Beda Nasib Presiden Korea Selatan dan Mantan Menteri Pertahanan Setelah Darurat Militer: Kenaikan dan Kejatuhan

edwards2010.com – Darurat militer yang diberlakukan di Korea Selatan pada tahun 1980 adalah salah satu peristiwa paling berpengaruh dalam sejarah modern negara tersebut. Peristiwa ini tidak hanya mengubah lanskap politik Korea Selatan, tetapi juga mengubah nasib banyak tokoh yang terlibat, termasuk Presiden Korea Selatan saat itu, Chun Doo-hwan, dan mantan Menteri Pertahanan, Roh Tae-woo. Keduanya memiliki nasib yang sangat berbeda setelah darurat militer berakhir.

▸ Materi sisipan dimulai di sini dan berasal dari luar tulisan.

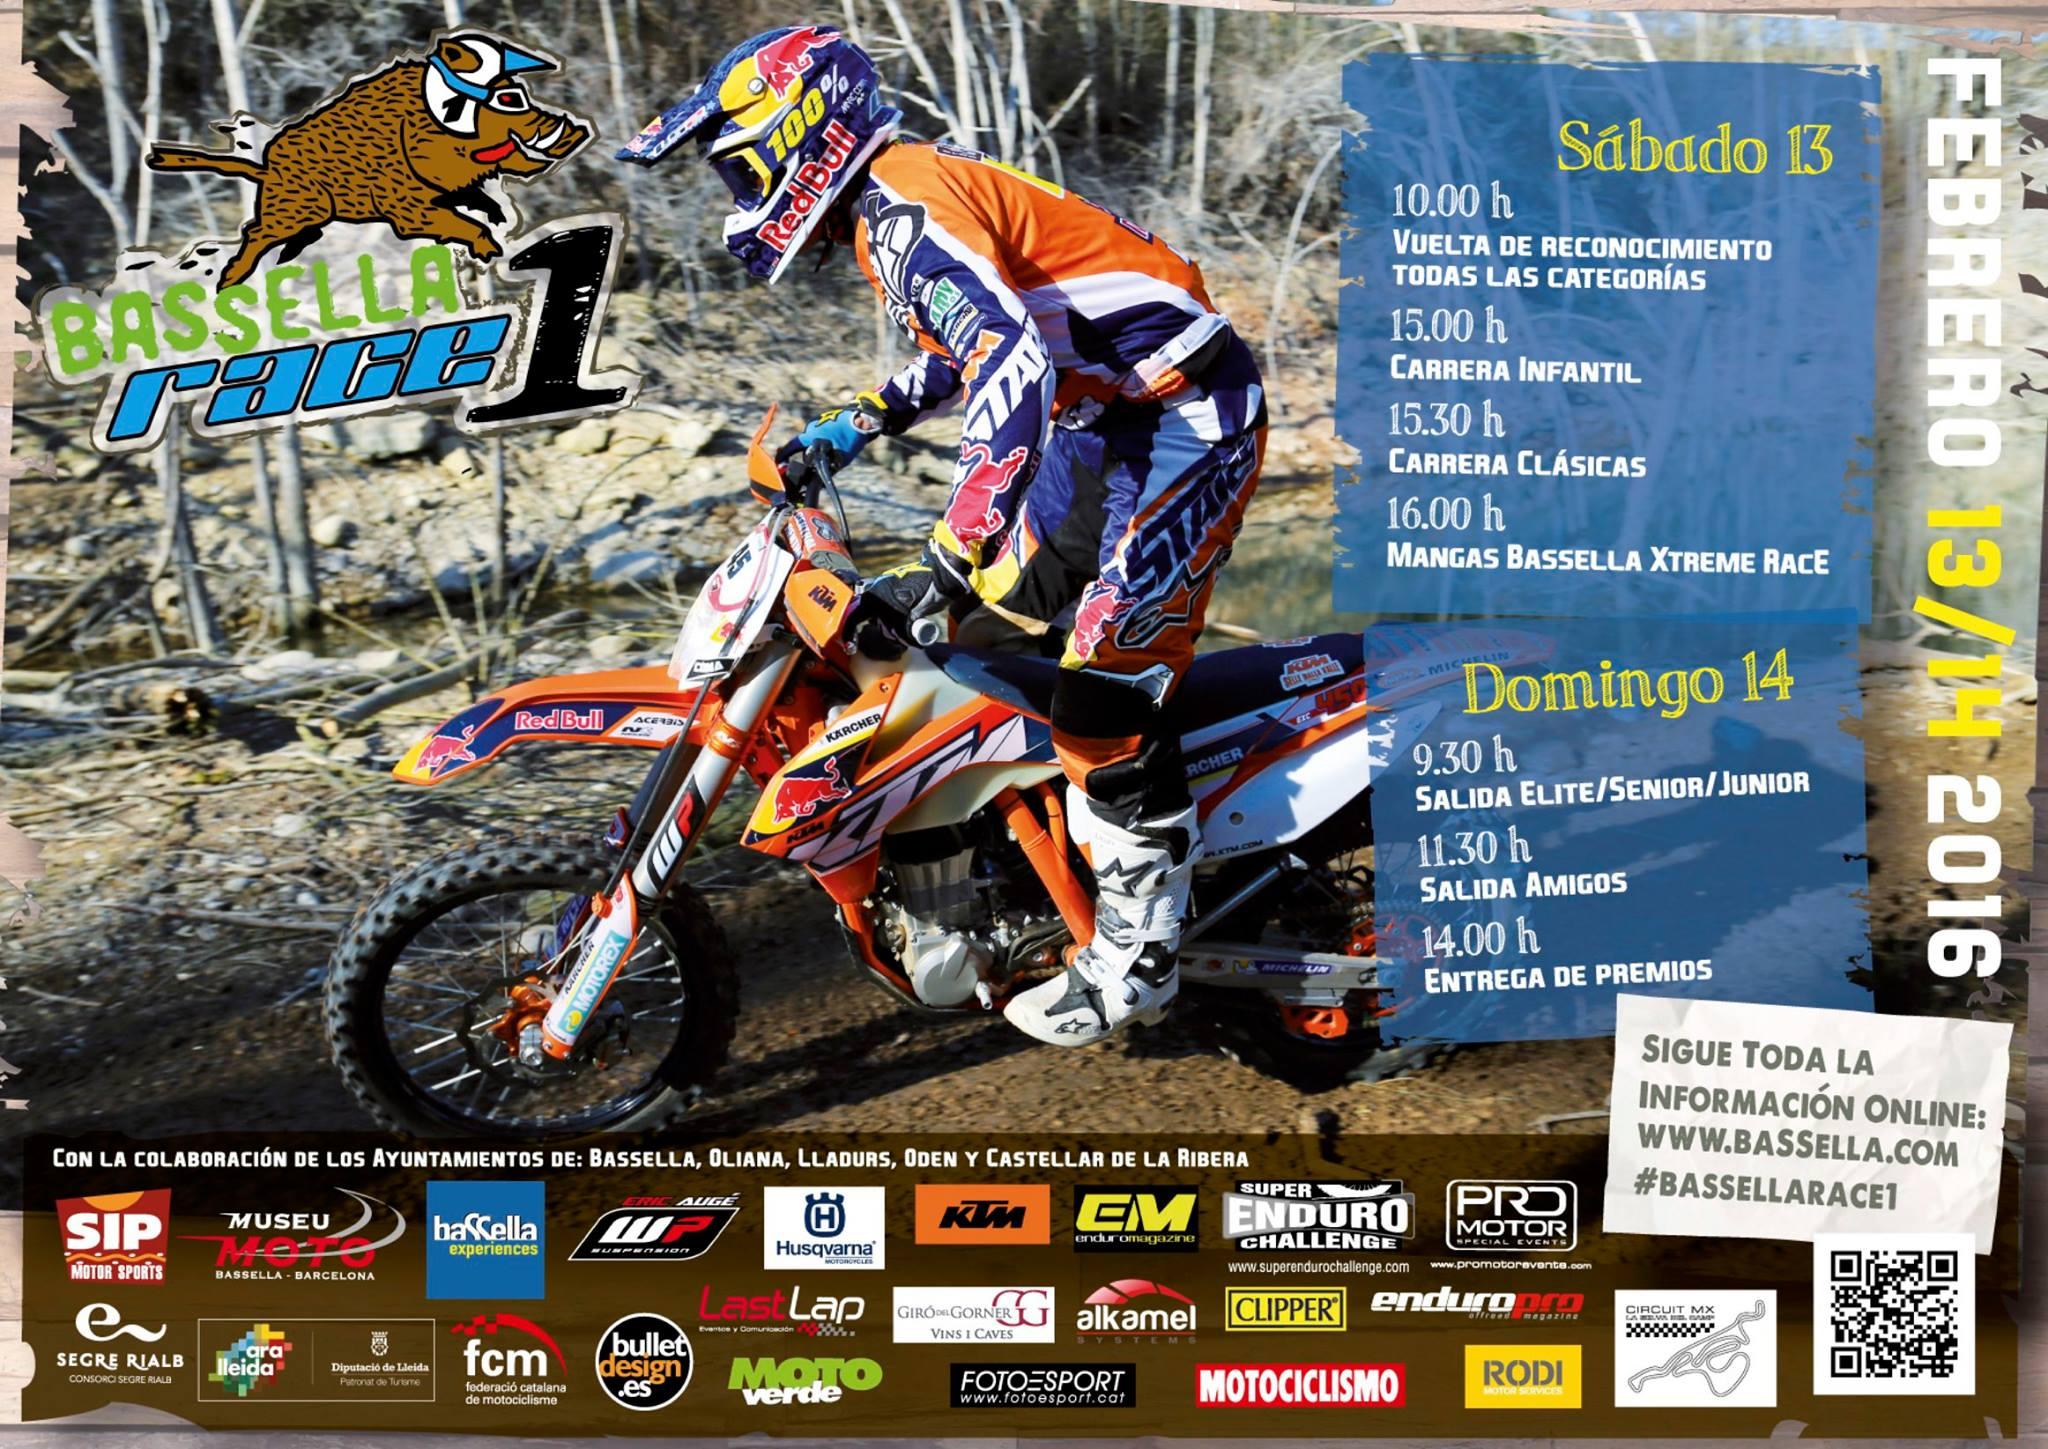 Bassella Race 1 2016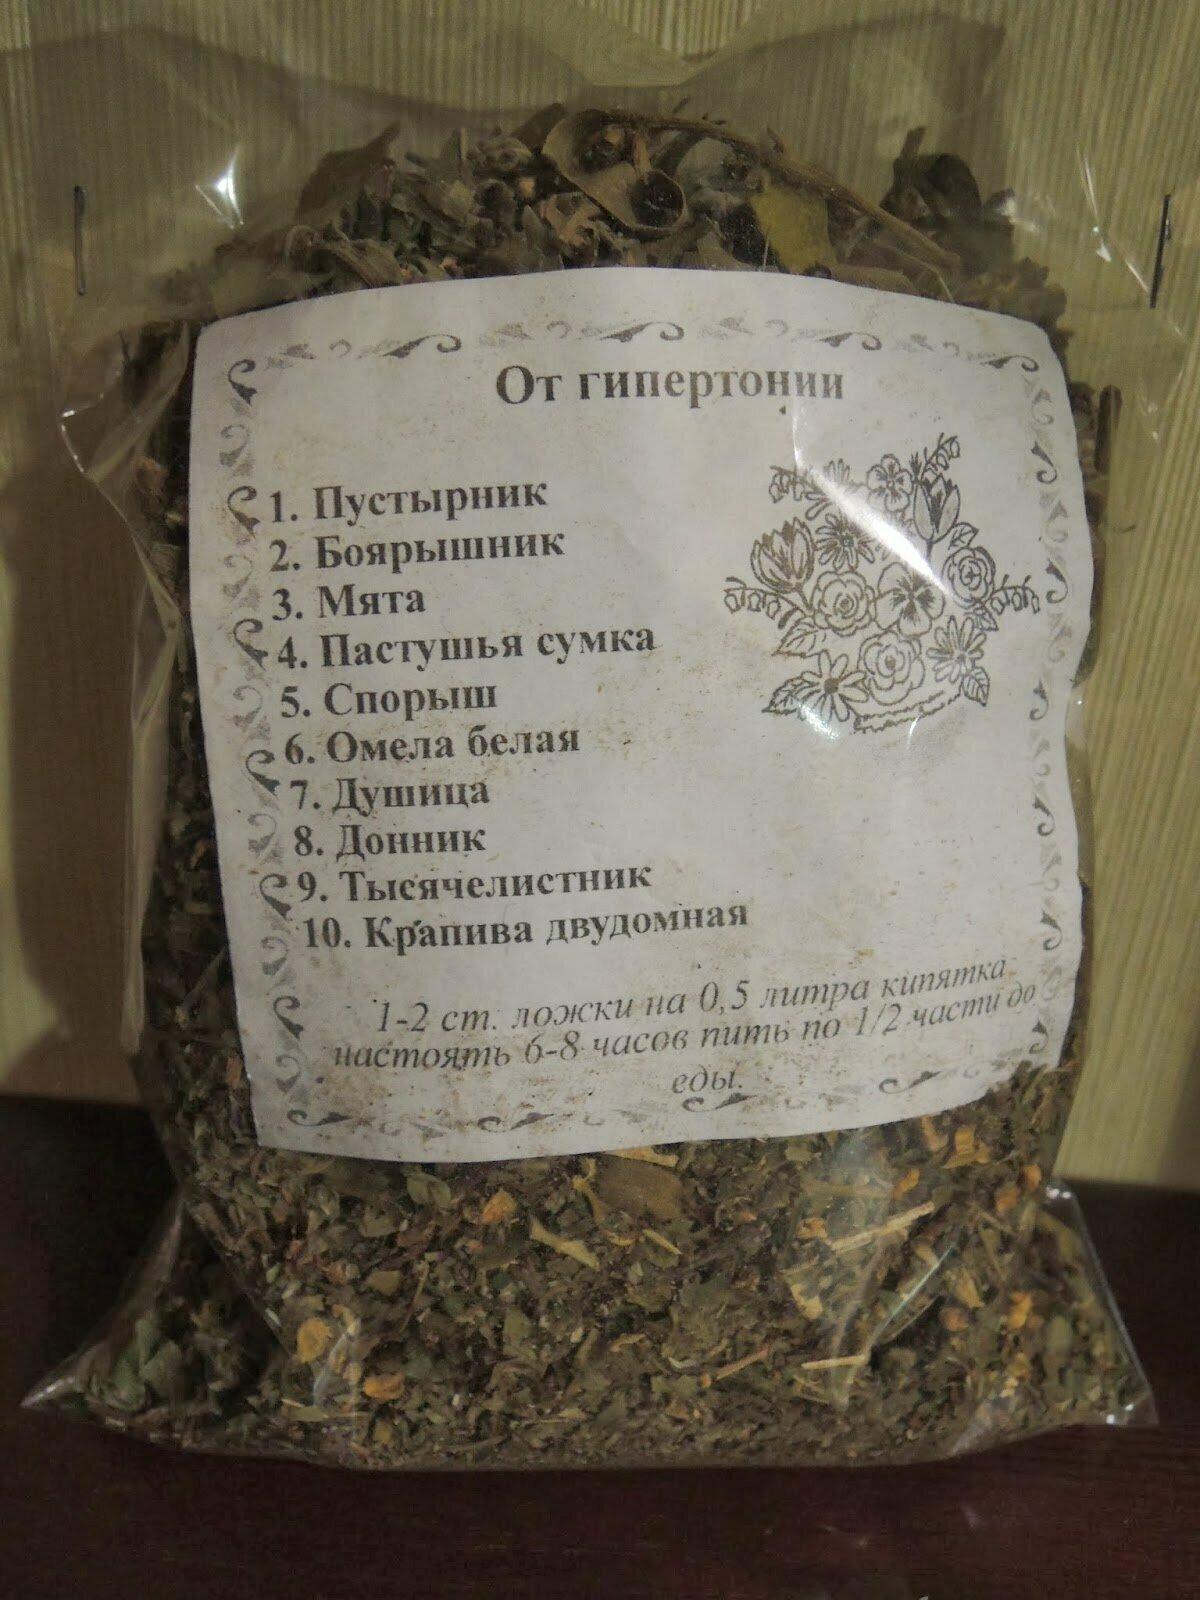 Монастырский сбор от гипертонии в Каменске-Уральском

Chun Doo-hwan, yang saat itu menjabat sebagai Presiden Korea Selatan, adalah arsitek utama dari pemberlakuan darurat militer. Setelah berhasil menumpas pemberontakan di Kwangju, Chun mengkonsolidasikan kekuasaannya dan menjadi presiden pada tahun 1980. Selama masa jabatannya, Chun melakukan berbagai reformasi ekonomi dan politik yang membantu memodernisasi Korea Selatan. Namun, kebijakan otoriternya juga menimbulkan banyak kontroversi dan ketidakpuasan di kalangan rakyat.

Setelah masa jabatannya berakhir pada tahun 1988, Chun Doo-hwan menghadapi banyak tuduhan korupsi dan pelanggaran hak asasi manusia. Pada tahun 1996, ia dijatuhi hukuman mati atas tuduhan korupsi dan keterlibatannya dalam pembantaian di Kwangju. Namun, hukuman tersebut kemudian diubah menjadi hukuman penjara seumur hidup. Chun akhirnya dibebaskan pada tahun 1997 setelah mendapatkan grasi dari Presiden Kim Young-sam. Meskipun demikian, reputasinya tetap ternoda, dan ia hidup dalam pengasingan di sebuah biara Buddha hingga akhir hayatnya.

Roh Tae-woo, yang menjabat sebagai Menteri Pertahanan di bawah Chun Doo-hwan, adalah salah satu sekutu terdekat Chun selama masa darurat militer. Setelah Chun turun dari jabatannya, Roh Tae-woo terpilih sebagai presiden pada tahun 1988. Selama masa jabatannya, Roh berusaha untuk memulihkan demokrasi di Korea Selatan dengan melakukan berbagai reformasi politik dan ekonomi. Ia juga berhasil menyelenggarakan Olimpiade Seoul pada tahun 1988, yang meningkatkan reputasi internasional Korea Selatan.

Meskipun berhasil melakukan reformasi, Roh Tae-woo juga menghadapi tuduhan korupsi setelah masa jabatannya berakhir. Pada tahun 1995, ia dijatuhi hukuman penjara 17 tahun karena menerima suap selama masa jabatannya. Namun, seperti Chun Doo-hwan, Roh juga mendapatkan grasi dari Presiden Kim Young-sam pada tahun 1997. Setelah bebas, Roh Tae-woo menghabiskan sisa hidupnya dalam pengasingan dan menjalani kehidupan yang lebih tenang dibandingkan dengan Chun Doo-hwan.

Nasib Presiden Chun Doo-hwan dan mantan Menteri Pertahanan Roh Tae-woo setelah darurat militer menunjukkan betapa kompleksnya dinamika politik di Korea Selatan. Keduanya berhasil mencapai puncak kekuasaan, tetapi juga mengalami kejatuhan yang dramatis akibat tuduhan korupsi dan pelanggaran hak asasi manusia. Meskipun mereka berdua akhirnya mendapatkan grasi, reputasi mereka tetap ternoda, dan mereka hidup dalam pengasingan hingga akhir hayat mereka. Peristiwa ini menjadi pelajaran penting tentang kekuasaan, korupsi, dan pentingnya demokrasi yang sehat.